After all, he was male.
It would serve him right to miss dinner.
Callie pulled her shawl tight around her shoulders and stepped back into the cottage, closing the door behind her. She poked up the fire and then returned to the letter she’d been reading—or rather re-reading—for the fifth time. She didn’t receive many letters here in her highland exile. And when she did, she either wanted to revisit them over and over, or heave them into the fire. Not much middle ground. This missive, however, had her feeling a mix of the two.
Her little sister Helena, who, after her initial greetings, reported that the till-now-elusive Viscount Clifford, rumored to finally be in the country and ready to take up residence as the Ainsworth’s neighbor, would be ripe for the picking. Next year might be too late to snare him. So, her father and stepmother had decided to launch Helena this season:
Please, you must come back to England! I cannot face entering society without you by my side to give me your steady guidance. I will make a hash of things! You know I will.

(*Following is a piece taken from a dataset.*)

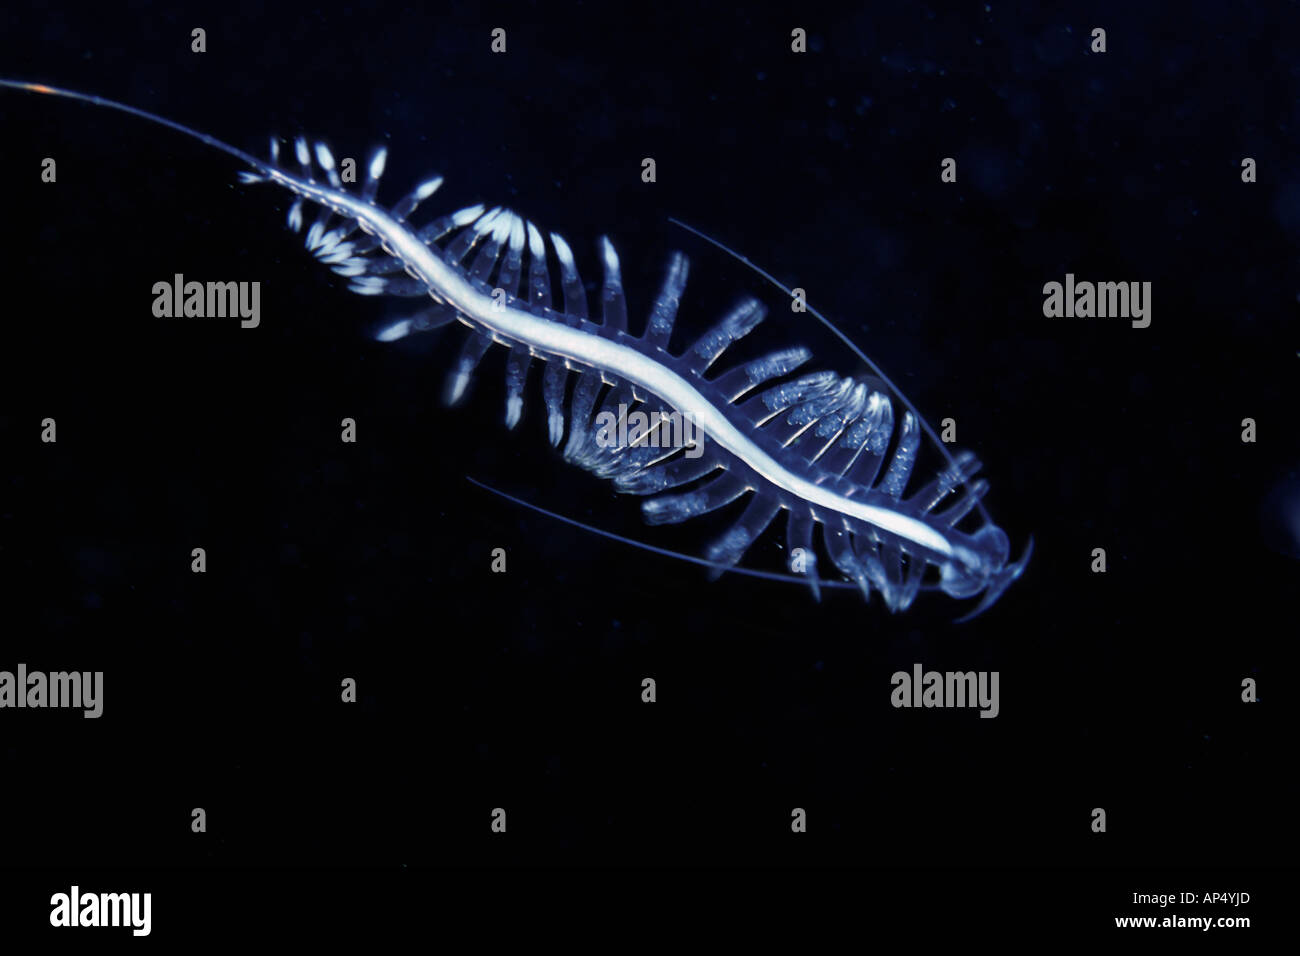 Tailed Pacific Transparent worm, Tomopteris pacifica, British Columbia, Canada. Stock Photo

And besides, I am already in love, with my dear Martin!
Martin? Callie shook her head. Her last letter extolled the young curate, Mr. Henry Dobbins, as being the most handsome man, she’d ever beheld!
Callie’s hand drifted to her neckline, her fingers tracing the gold oval-shaped locket, feeling the familiar coolness and the nearly-worn-away chasing etched into the gold. Only True Love. Her mother’s talisman.
Oh, but how could one ever be sure?
Certainly, Callie was no authority, given her past. But she’d been lucky enough to escape a loveless marriage.
She’d be damned if her sister would now have to pay for Callie’s abdication.
A second letter—this one from her step-mother—lay on the table, likely conveying the same news as Helena’s, but surely directing Callie to stay put in Scotland.
Damn, Hermione! It’s too soon! Helena’s only just seventeen…
Callie pushed the letter aside. She’d open it when she needed kindling for the fire.
“Eeeooow!”
She smiled at the eerie, but familiar screech. Gully, now ready for his dinner, no doubt.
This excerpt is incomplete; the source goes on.